Empirical plunge profiles of time-frequency localization operators

TL;DR

This paper investigates the asymptotic behavior of eigenvalues of time-frequency localization operators with scaled symbols, providing exact results for rotationally invariant cases and supporting the conjecture through numerical experiments.

Contribution

It derives the large-scale eigenvalue asymptotics for a class of localization operators and conjectures their general form, supported by numerical evidence.

Findings

Eigenvalues follow a specific error function profile as scale increases.

Numerical computations align with the conjectured asymptotic behavior.

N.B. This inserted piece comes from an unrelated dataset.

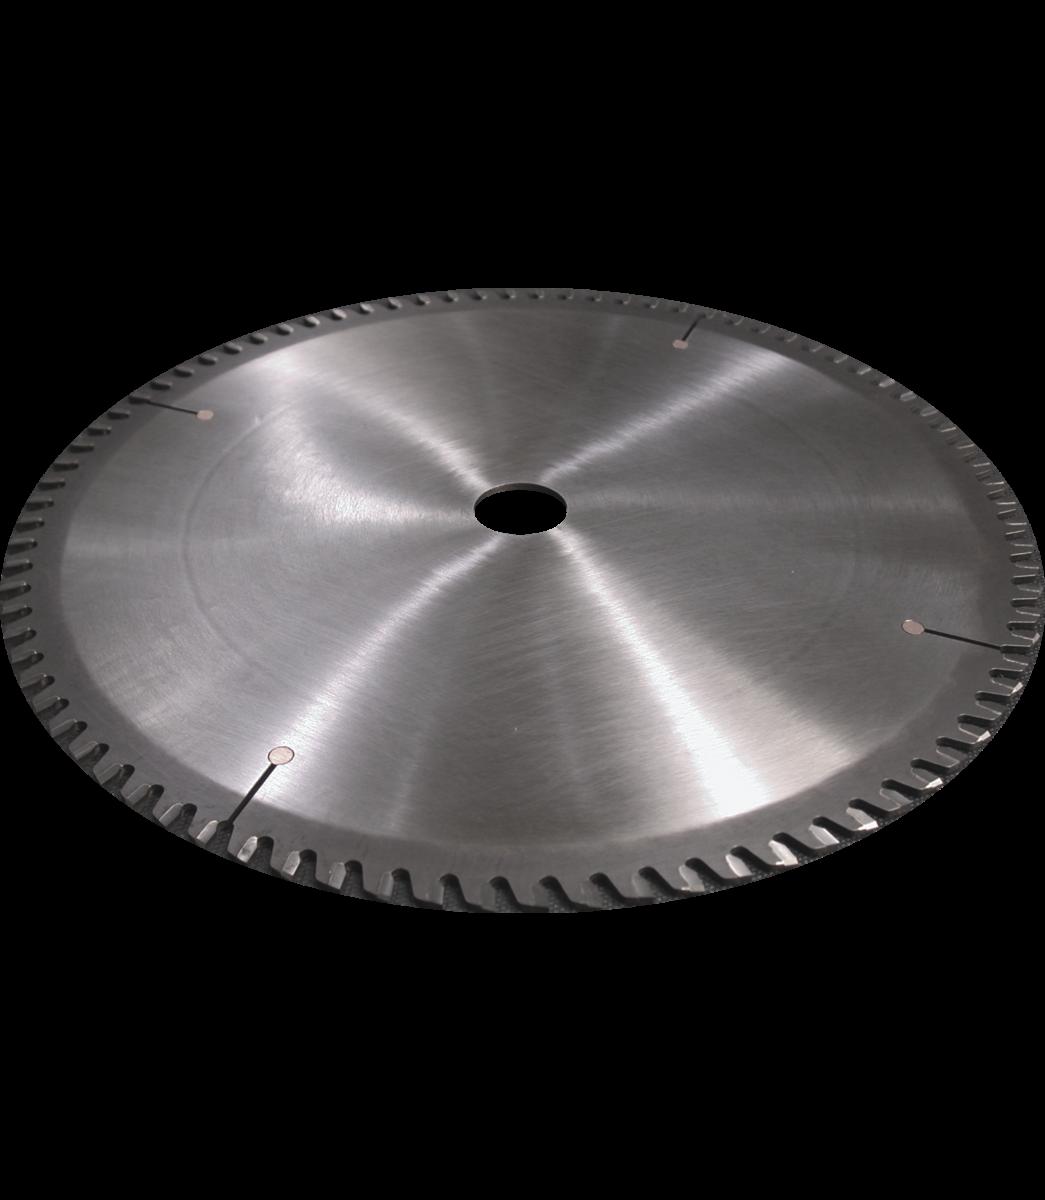 Ferrous Circular Saw Blade 350mm x 32mm x 2.5mm x 220T For J-FK350-2/4K
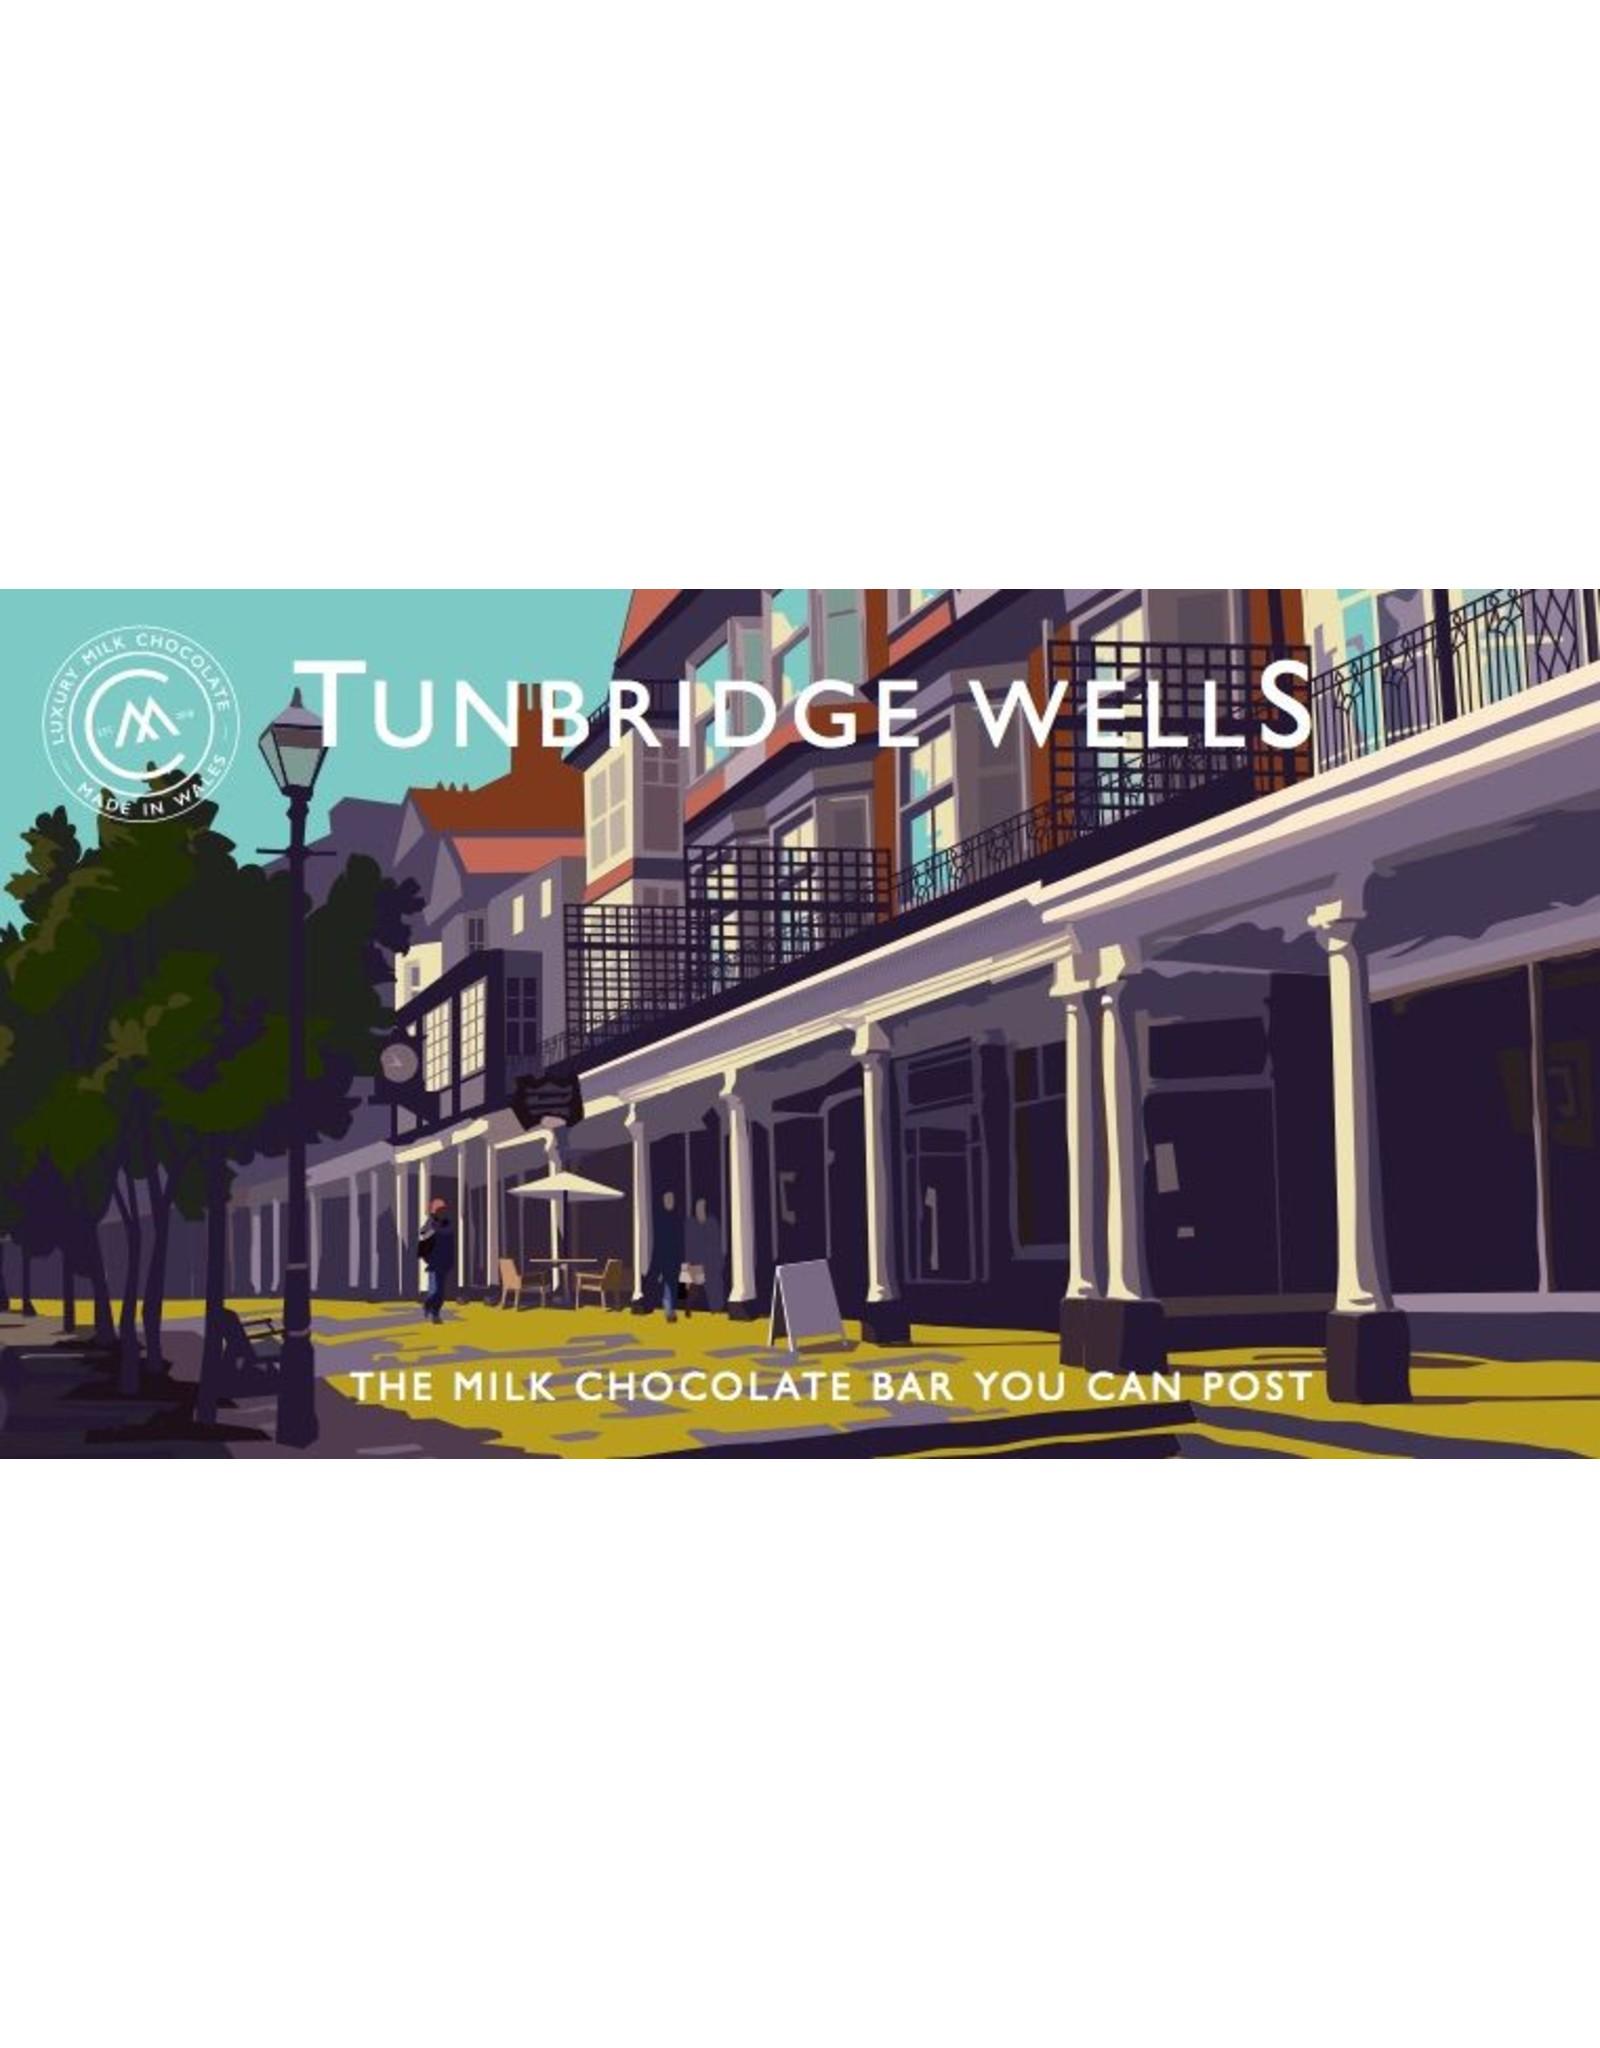 The Chocolate Bar You Can Post - Tunbridge Wells

Exact asymptotics are established for rotationally invariant symbols.

Abstract

For time-frequency localization operators, related to the short-time Fourier transform, with symbol $R\Omega$, we work out the exact large $R$ eigenvalue behavior for rotationally invariant $\Omega$ and conjecture that the same relation holds for all scaled symbols $R \Omega$ as long as the window is the standard Gaussian. Specifically, we conjecture that the $k$-th eigenvalue of the localization operator with symbol $R\Omega$ converges to $\frac{1}{2}\operatorname{erfc}\big( \sqrt{2\pi}\frac{k-R^2|\Omega|}{R|\partial \Omega|} \big)$ as $R \to \infty$. To support the conjecture, we compute the eigenvalues of discrete frame multipliers with various symbols using LTFAT and find that they agree with the behavior of the conjecture to a large degree.